Thursday, April 23, 2009

Wind and the bees

Ok, I know that sounds so weird. But I am sitting at my desk at work, and outside there are some trees that attract bees to it. The bee's have been busy with this plant for days now. You can walk under the tree and the bee's do not even seem to know you are there they are so occupied with the task at hand.
Today we have high winds,which as of late has been the norm, for us around here. But these bee's are desperately trying to stay on task. It is interesting to watch the collective work it wonders.
HMMM, honey, that really is starting to sound delicious on a warm biscuit..
My mouth is watering...

Tuesday, April 21, 2009

Sweet Music

I need music today. I need to hear sounds of instruments being played. When I hear the music I see the person playing, and the music filling their souls. As it does mine. I try so hard to just not ever have the tv on when I am home and have music playing. Sometimes I wish I didnt have a television. But then I love my shows way to much, I become addicted to the weekly tales.
So now I immerse myself into the sweet sounds. For a little while.

Monday, April 20, 2009

A picture

I have been working on a project for school these last couple of weeks.
It is a scrapbook of my life and micro- cultures in which I exist.
It is also things that have shaped my life.
I think one of the greatest things that has shaped who I am has been my Granny.
I have been staring at her picture for the last couple of days.
I miss her greatly and her words of wisdom.
But I know that I am making her proud by doing something God has called me to do.
And though I might not know what is in the future. I know that I am doing what I was intended to do. If I had made this book a year ago, I do not think it would look the same as it does now. I think there would be many holes in it. Not as many pages would be filled.
I do not look at my life the same as I once did. And I try to not take advantage of them either.
So, with that. I know I hold my head High.
And as I stare into her blue eyes. I know Granny is busy in heaven rocking the babies or singing with the angels. She is proud of all of her children and grandchildren and great grandchildren. And when we all meet in heaven what a reunion that will be.

Monday, April 13, 2009

Just breathe

I feel like the wind has been knocked out of me, and I have been breathless for months. Waiting for the bottom to drop out of this bad luck streak we have seem to have had. Kevin has been unemployed for 6 months now. With few job offers and even fewer interviews. He has only had one interview. One in 6 months. Tomorrow he will have interview number 2. I feel like I can almost breath again. He so wants this job. It will suit our family so well. Now I just pray. Please pray with us. Pray for direction and guidance, wisdom and an open heart to what is in-store for us. So tomorrow at 3 lift him up with me.

Tuesday, April 7, 2009

Tuesday

Its Tuesday, nothing special about today. It is just a day. I am sitting here wanting to do something other than twiddle my thumbs and stare out the windows. So writing seemed to be a good option. But my thoughts are interrupted, so I tend not to think. Not to much anyway. I am beginning to worry, not that that is already a trait that is well within my normal standards. But my worries are now beginning to manifest into restless nights and anxieties about our future. My husband has been unemployed now for 6 months. It has been six very long months, though my children have benefited from him being at home. I grow an ulcer, no not really.
It just feels like it.
I know I need to have more faith than i do. So if you have sat down and read these lines of mine. Please take a moment to pray for us. That God will guide my family, and that a job for my husband will open its doors. That it will be something he can be proud of. And that it will allow him to be apart of the family life he has begun to enjoy.

Friday, April 3, 2009

Impatient

I have been waiting what seems like forever for news from FASFA.
Ok so what is FASFA, well it is the financial aid stuff.

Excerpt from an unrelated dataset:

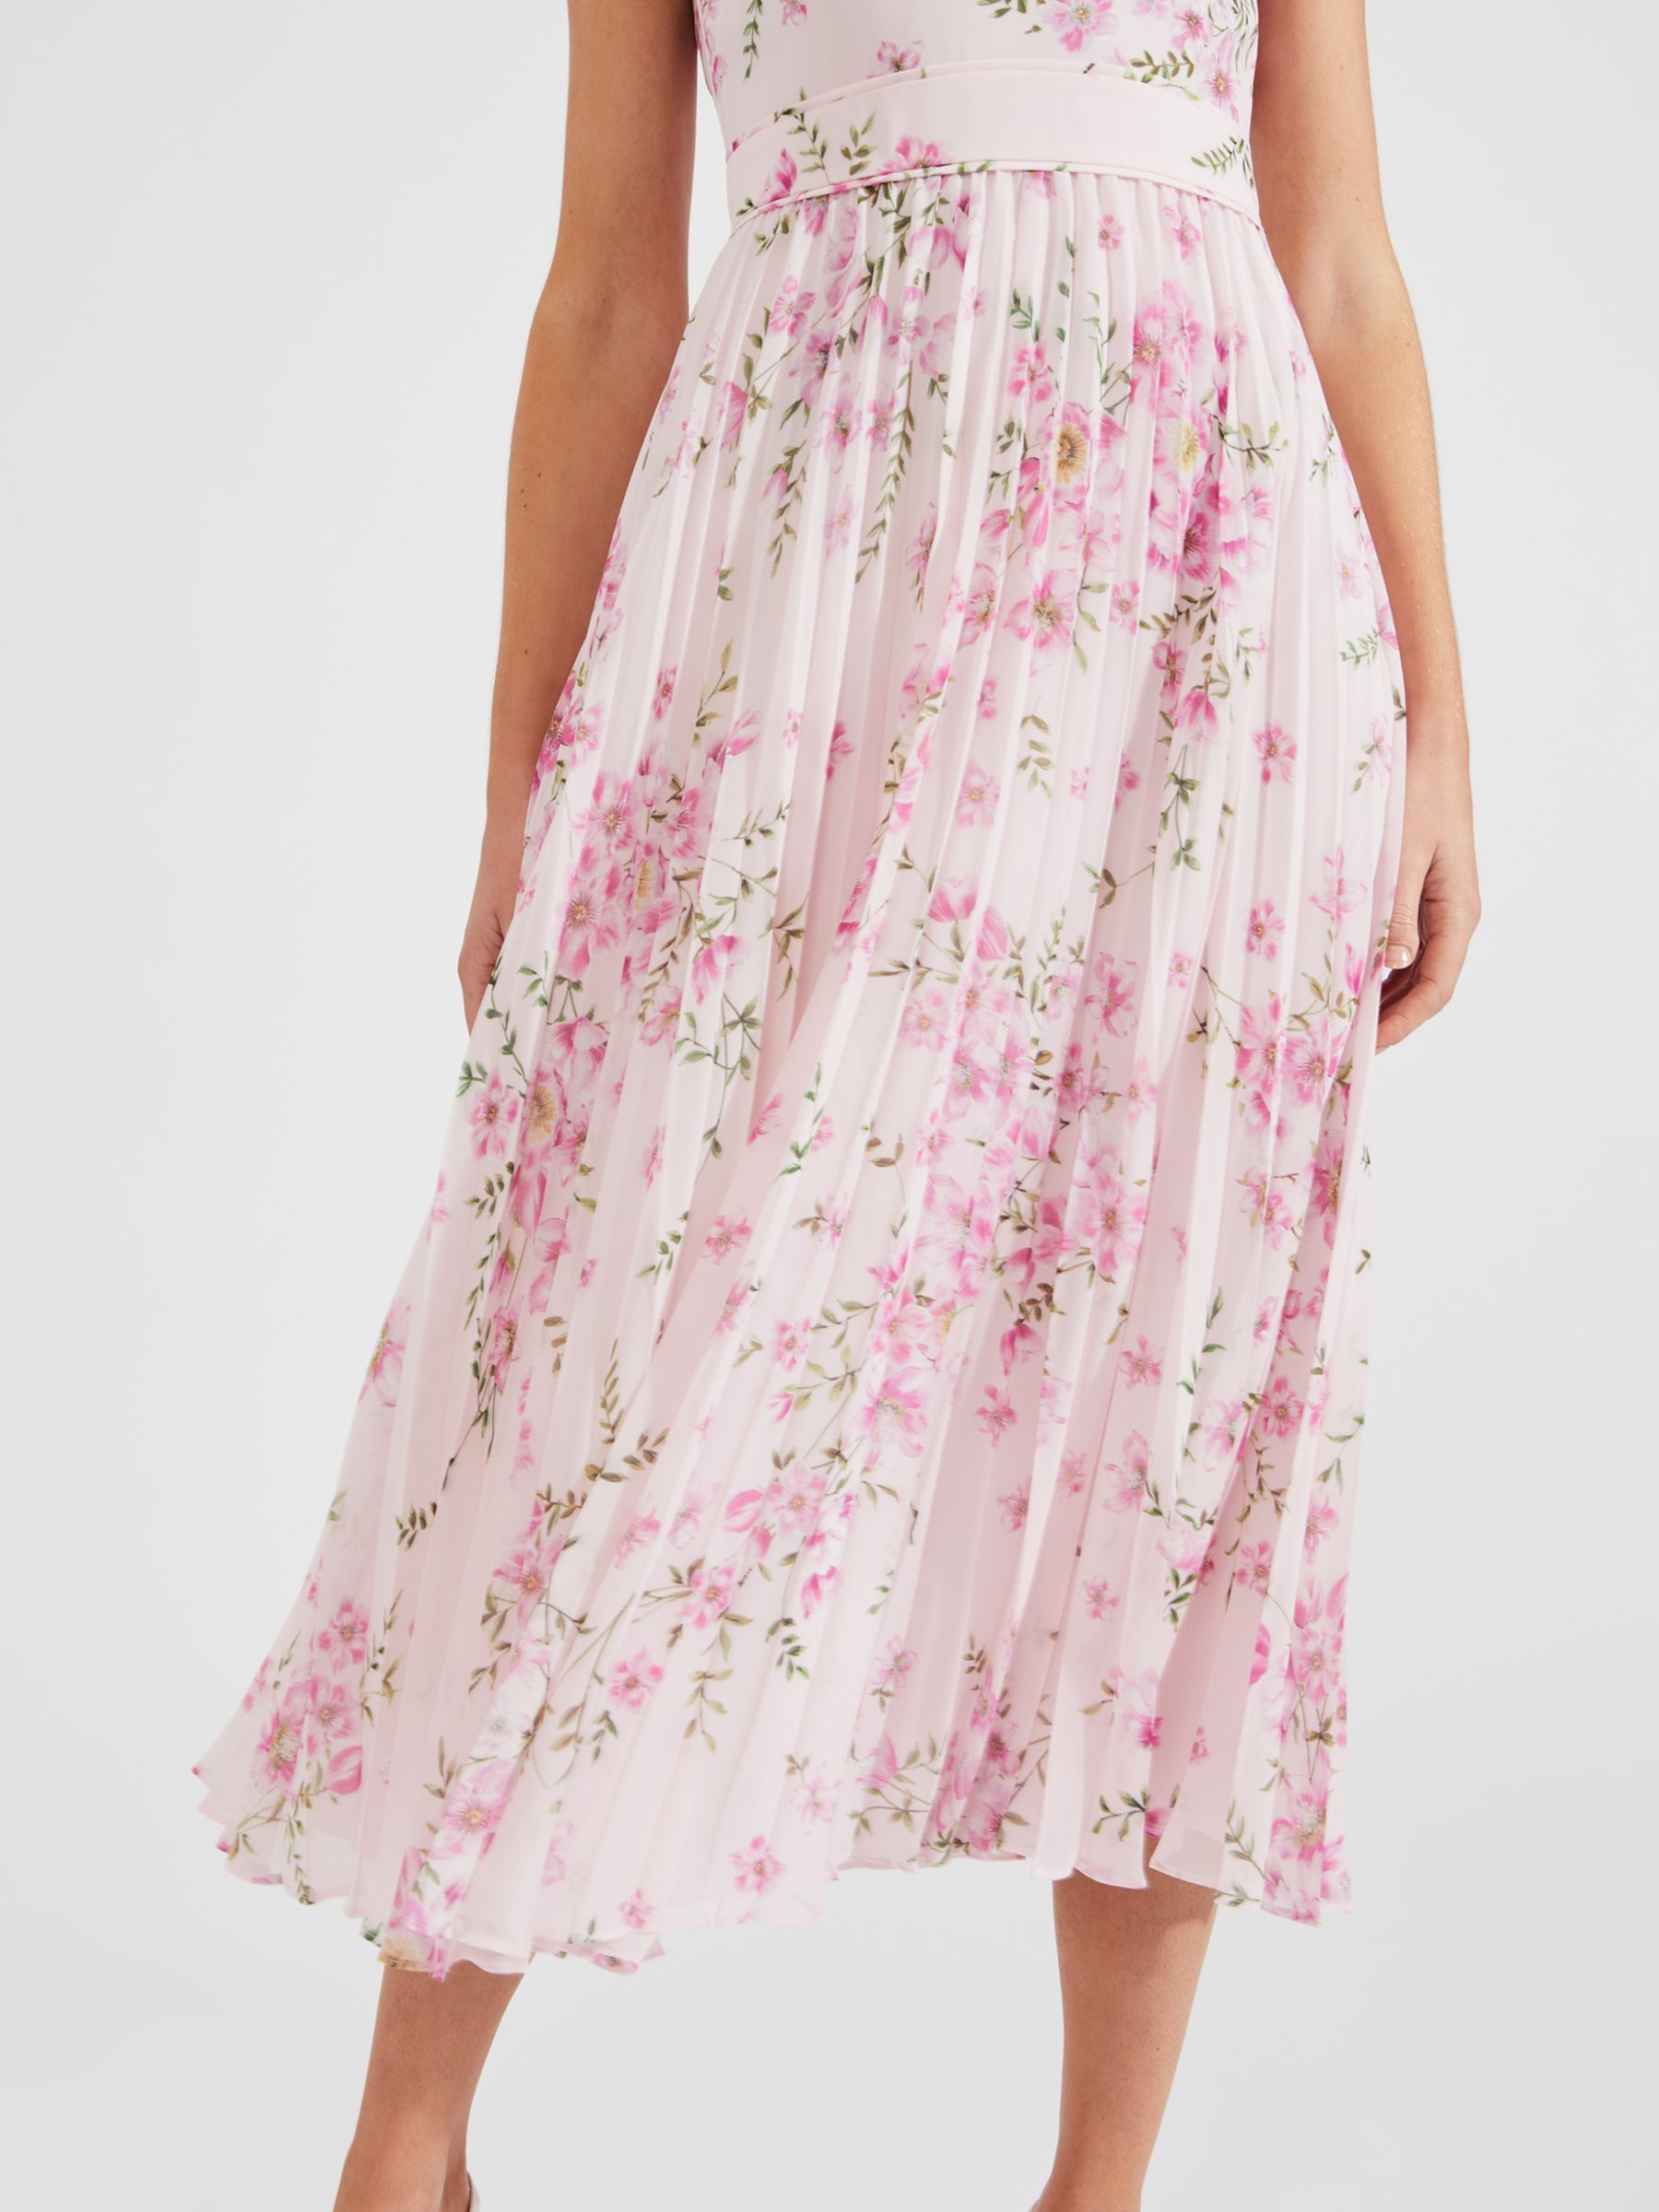 Hobbs Veronica Floral Print Pleated Maxi Dress, Pink/Multi, 8

Very formal professional term hu?
I have been waiting for what seems like a lifetime to find out about my loans or grants or whatever will come in the form of help for me to continue with school. Waiting kills me, I want to know NOW!
I know it sounds childish all.
I feel like my world is in limbo waiting for a response from the school. But in all reality all it is. I am not PATIENT! So for today, I am trying to work on that and become more aware, and acknowledge that its all in Gods mighty hand.

Wednesday, April 1, 2009

The journey

I have opened my eyes to the realization that this journey I am on is just at the beginning stages. That where some people at the same point in their lives a mother, a wife; are at a different stage. I am at the beginning of my journey. See I have done things different. I have not let myself search for its path till now. I have lived then now began to search for direction and location of where God wants me to be. But maybe that was His intentions all along. Maybe I needed to live a little and grab perspective first so I could enjoy what is left of my wonderful life. Okay so now you are wondering where this all came from. Well, I am working on a project for school, a self analysis, and I find that my path is in the middle of something new. I am at a cross roads, that only I can look at and decide where it will take me next. I pray that as I follow these next steps that they are where GOD wants me to be.